Assignment =
Produce exactly the lines from the one holding "Etekcity mattress" through the last line of the data below, with every picture left out.

Dataset section =
....

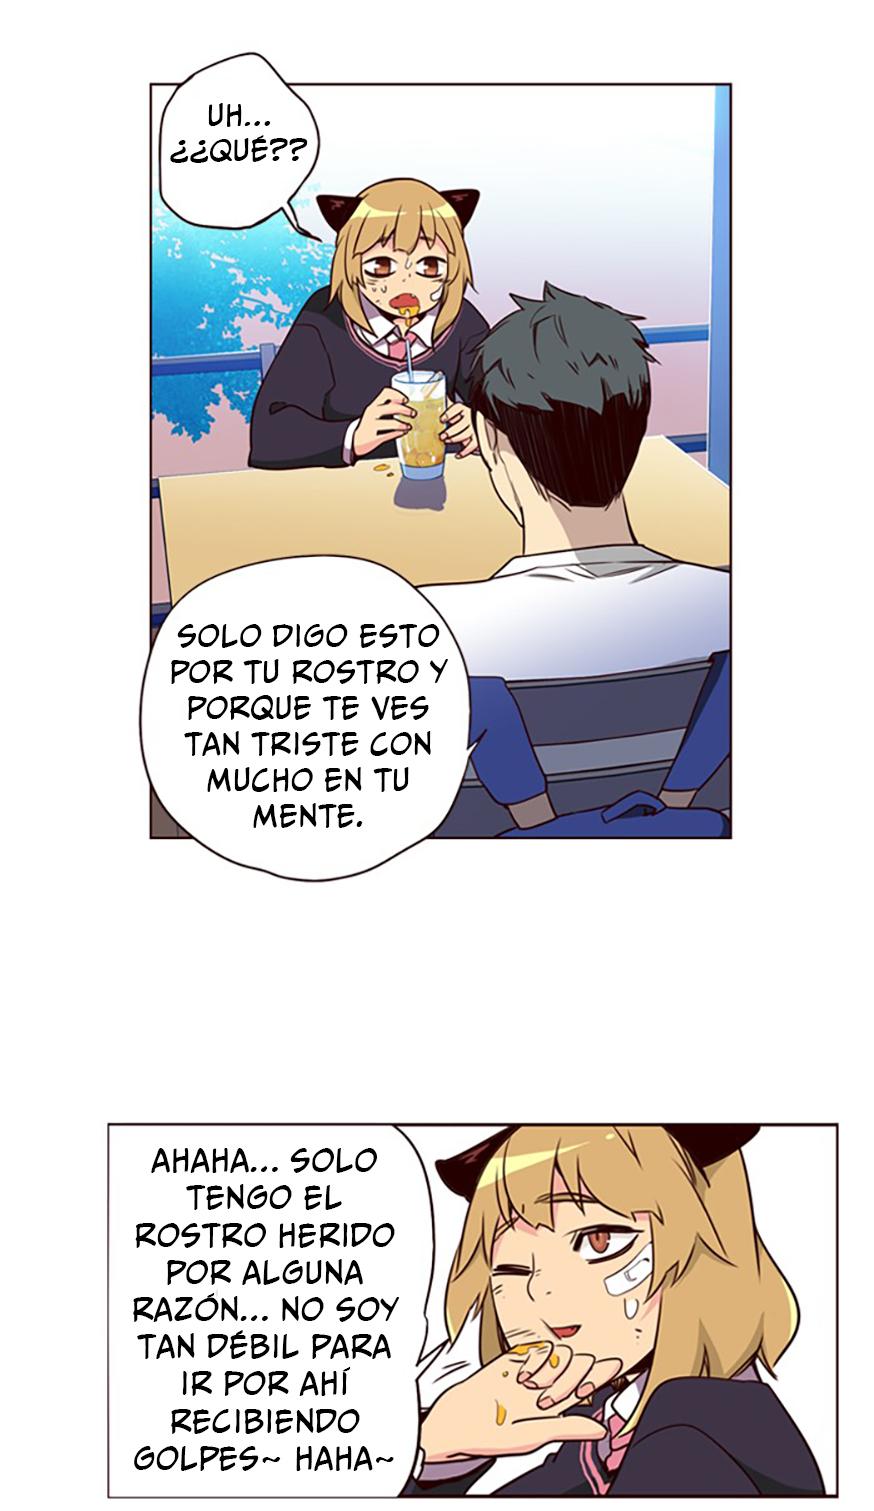 http://c5.ninemanga.com/es_manga/32/416/365988/7072a5c26d796e02dc28cb861210abba.jpg Page 19
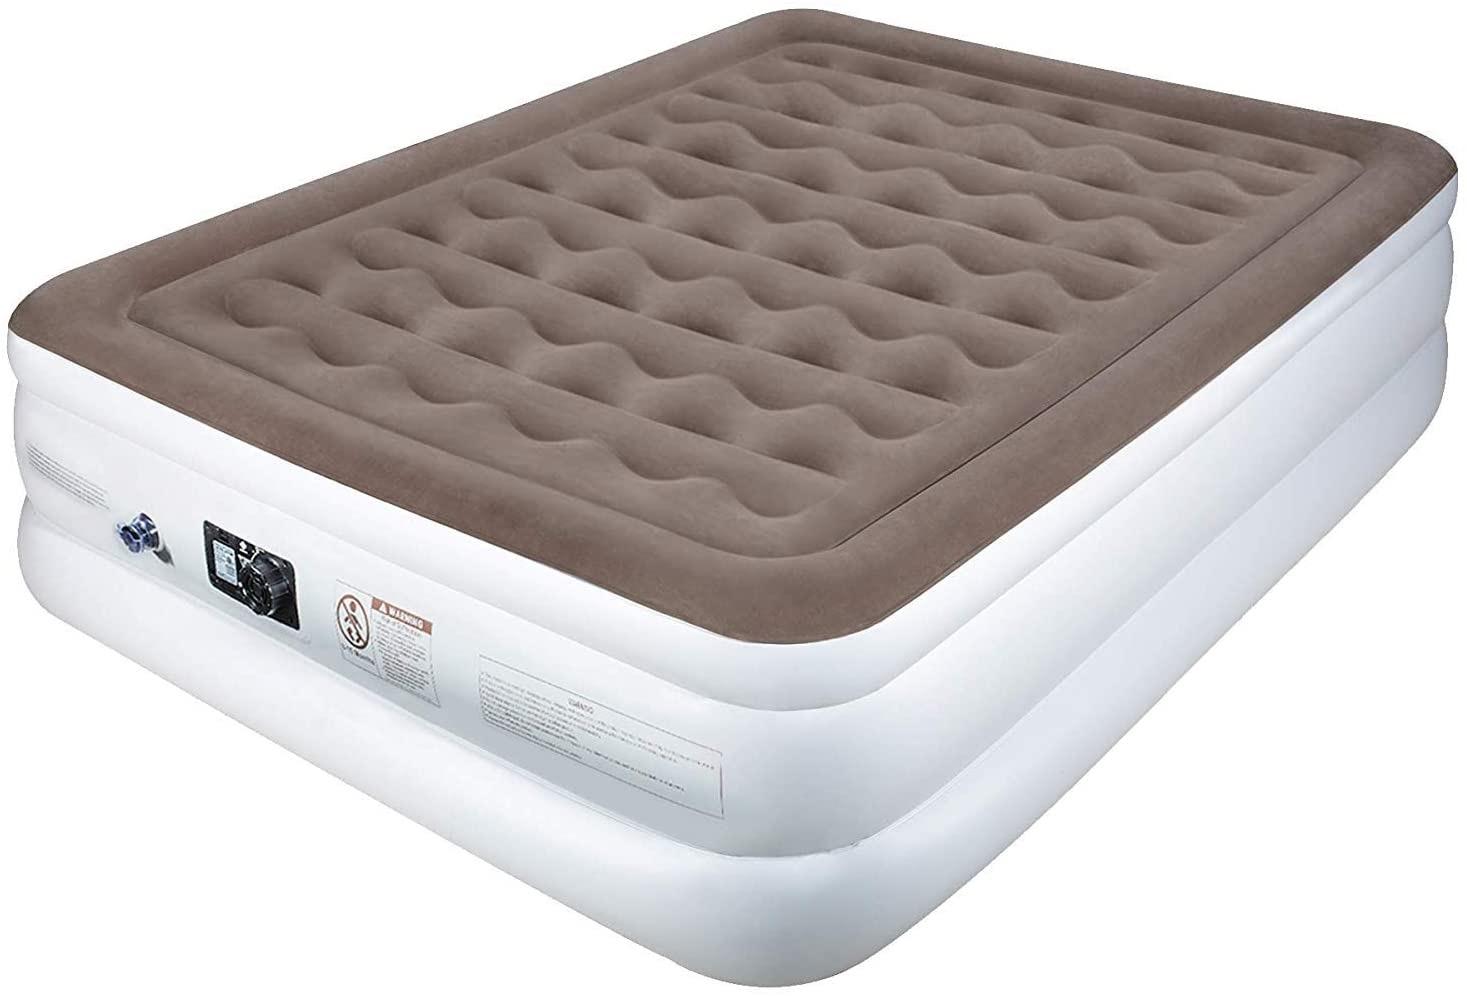 Etekcity mattress
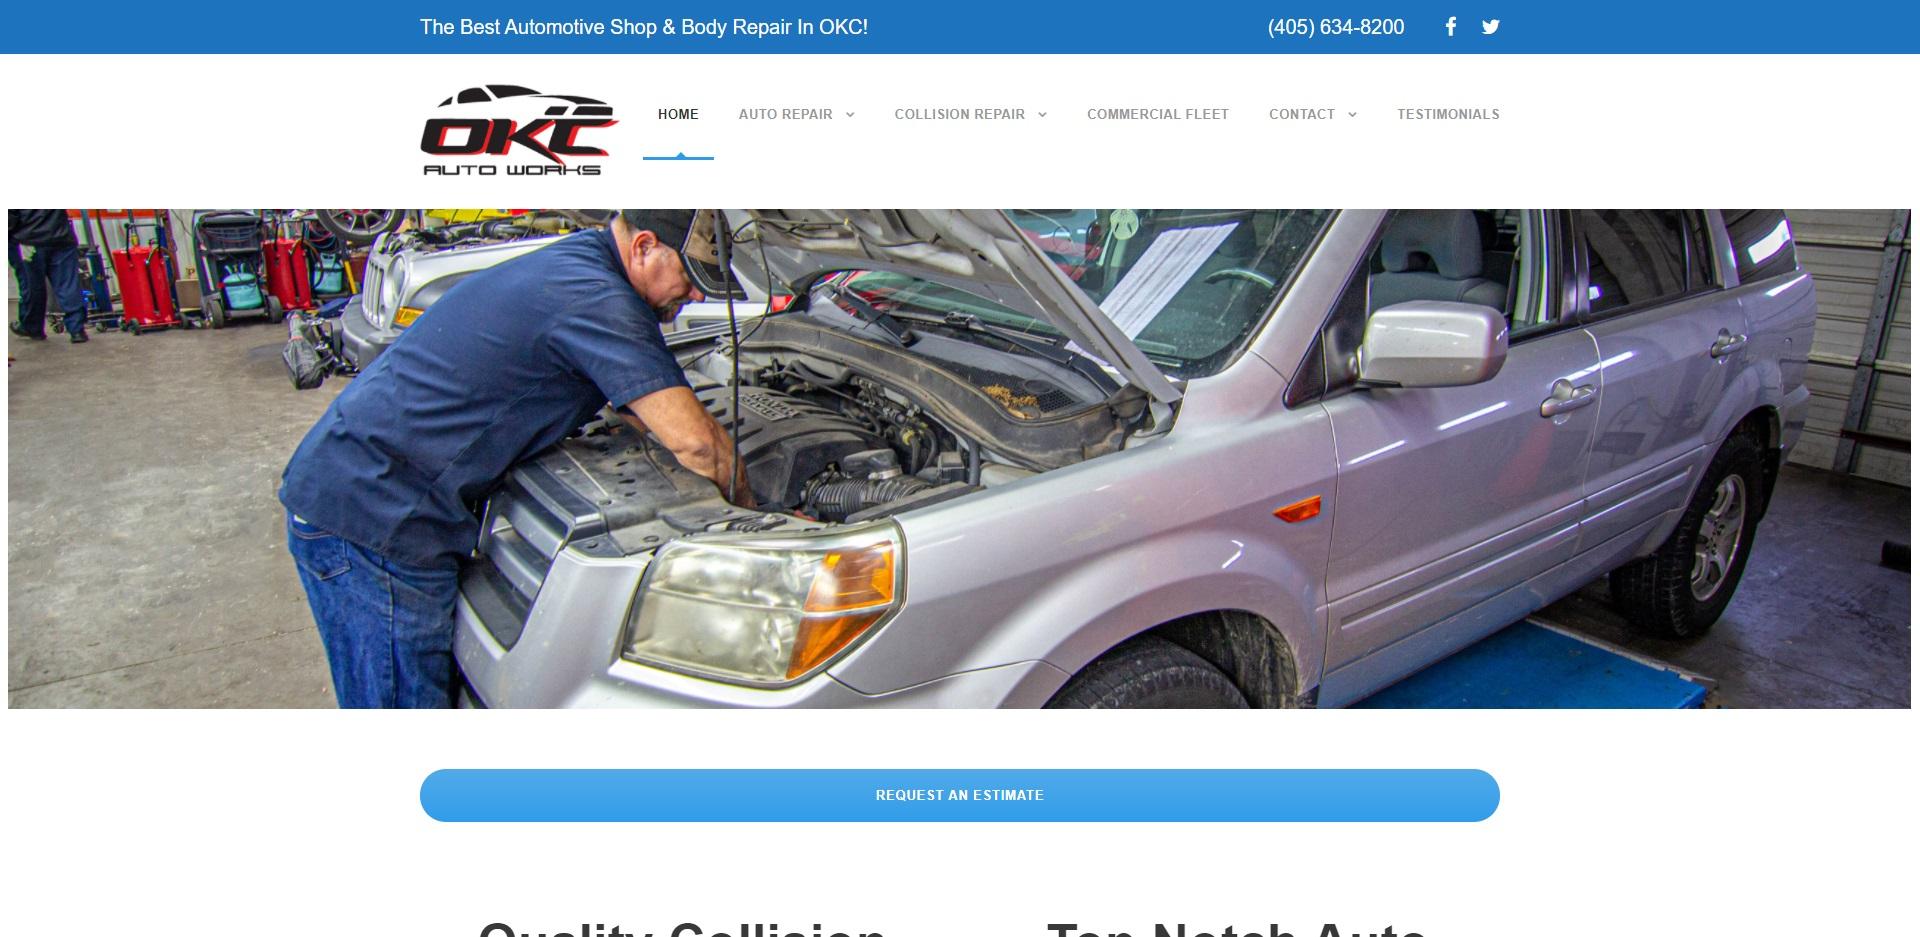 5 Best Mechanic Shops in Oklahoma City, OK

....

Result of this task =
 Etekcity mattress
 5 Best Mechanic Shops in Oklahoma City, OK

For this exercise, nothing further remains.